Остановился, задумавшись. Спросил: «Ты тоже хоронила отца, верно?»
Когда умер ее любимый преподаватель, он завещал свою библиотеку Правительству Москвы. У преподавателя не было ничего материального, только книги – очень много книг в двухкомнатной хрущевке. Он преподавал зарубежную литературу и много путешествовал – побывал чуть ли не на каждом континенте и отовсюду привозил книги. На экзаменах он часто спрашивал студентов, из каких городов они приехали и где проводят лето, узнавал название города и сразу вспоминал книжный магазин, который в том городе находился. «Вы же туда зашли? Зашли ведь?» – смотрел на студента растерянно, приходилось обманывать: «Заходил, конечно, заходил». Преподаватель успокаивался и рассказывал о том, что полюбил в городе, в котором побывал студент.
Теперь она сама такой преподаватель. Она пишет списки для учеников, которые отправляются в другие города, – какие места нужно посетить, она знает каждый независимый книжный в России, она помнит, где находятся ее любимые книжные в других странах.
– Кому достанется его огромная библиотека?
– У него не было детей, из родственников только сестра. Она сказала, что библиотека достанется Правительству Москвы.
– А когда Правительство Москвы умрет, кто будет владеть его библиотекой?
Часть шестая
Глава первая
Без внимания «отца народов»
Груды книг. Отец – молодой, зрелый, старый. Отец – живой и мертвый. Отец – любящий и любимый. Книги про отцов и книги про дочерей. Книги об отцах и сыновьях – их бы читал мой брат, если бы ему было интересно размышлять о том, что значил для него отец.
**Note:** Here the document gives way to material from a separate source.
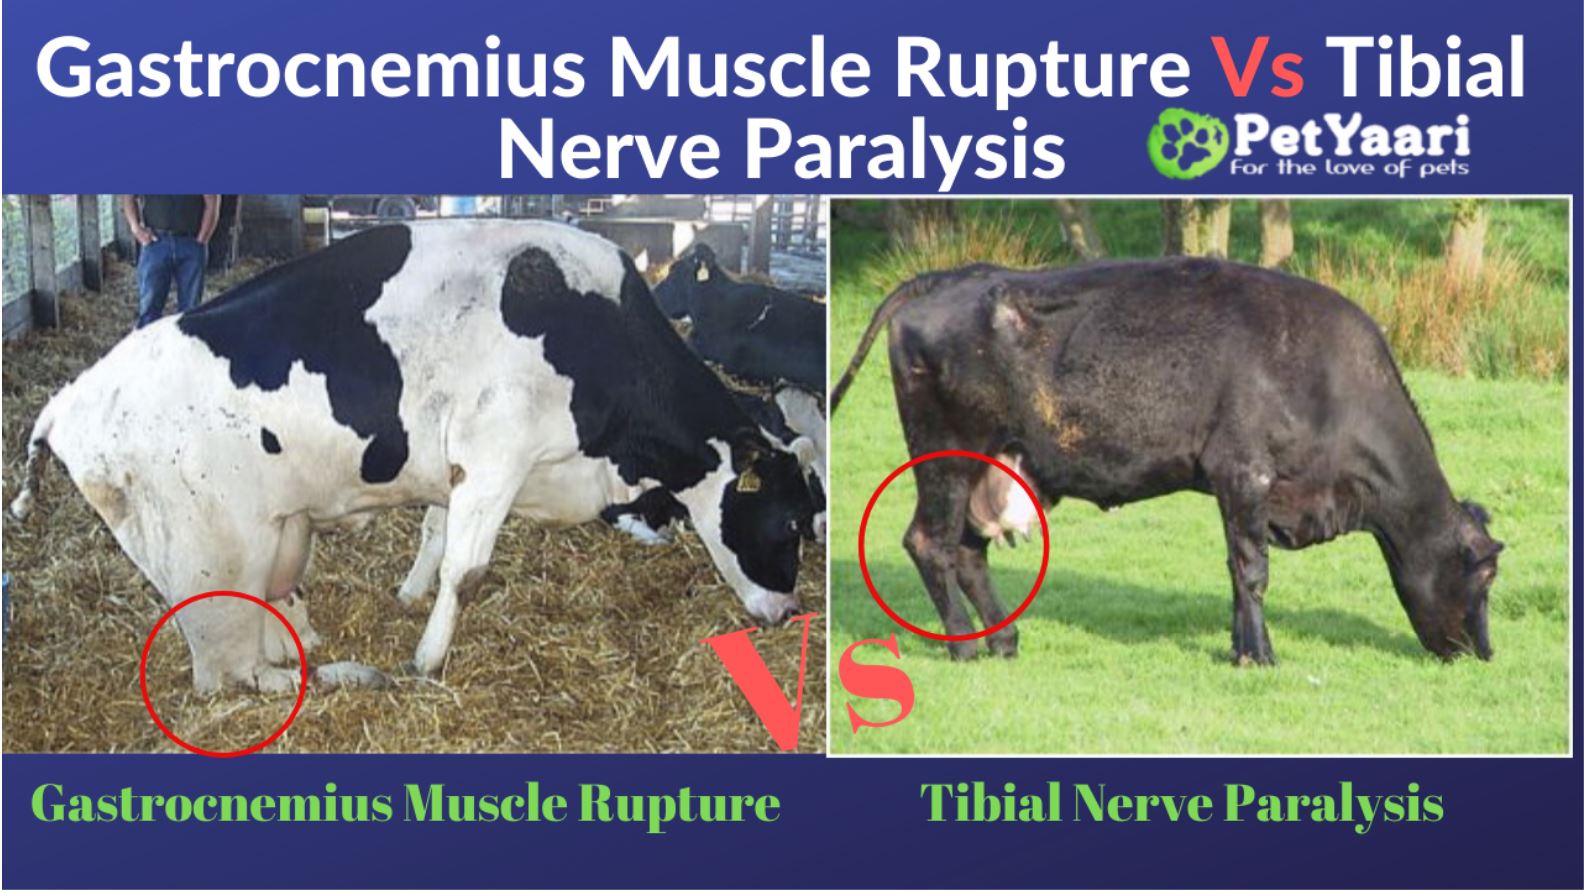 Gastrocnemius Muscle Rupture Vs Tibial Nerve Paralysis

В 2011 году я увидела на полках книжного магазина антологию «Все о моем отце». Я не купила ее, потому что она стоила дорого, а я училась на втором курсе и подрабатывала в книжном магазине «Читай-город» продавцом-консультантом. Продавцам-консультантам некогда читать книги, находящиеся на полках, – им нужно возить тележку и эти книги расставлять в соответствии с инвентарными номерами. Но у меня сложились хорошие отношения с управляющим магазина – он разрешал брать книги на ночь и с утра приносить их обратно – в книжный. За несколько ночей я прочла ту антологию. Меня поразило, что мало кто по-настоящему знает своего отца; я завидовала тем, кто, услышав просьбу о рассказе об отце, шел к отцу – проводил с ним время, разговаривал. Пожимал руку или обнимал. Я думала о том, как бы сама описала отца, и придумать не могла: мое воображение – чистый лист, образ расплывается, путается, не существует. У меня вообще был отец?
Я уставала в этом книжном магазине. Мне всегда хотелось кому-то позвонить, потому что я чувствовала себя одинокой – без друзей и близких. Я оставалась наедине со своими мыслями, и, когда мне становилось скучно – в магазине почти не было посетителей, и они справлялись с выбором изданий самостоятельно, – я вспоминала образ отца.
Я обедала в крошечном кафе через дорогу от своего магазина. Дешевом и уютном кафе – там можно было купить суп и второе почти за бесценок, а еще посидеть в мягком кресле около советского абажура. В этом месте я старалась записывать идеи для будущего романа об отце, который я непременно напишу, ведь я вспомню все, а что не вспомню, то допридумываю, никто же не проверит; моя – художественная – правда.
Я нашла тот блокнот, на обложке – редкая фотография Пастернака, смотрящего из окна. Фото сделал Александр Лазаревич Лесс. Вообще-то я не люблю Пастернака как поэта, но фотография мне понравилась – Пастернак вдохновенно смотрит вдаль, а его открытое окно похоже на окошко кафедры новейшей литературы в Литинституте.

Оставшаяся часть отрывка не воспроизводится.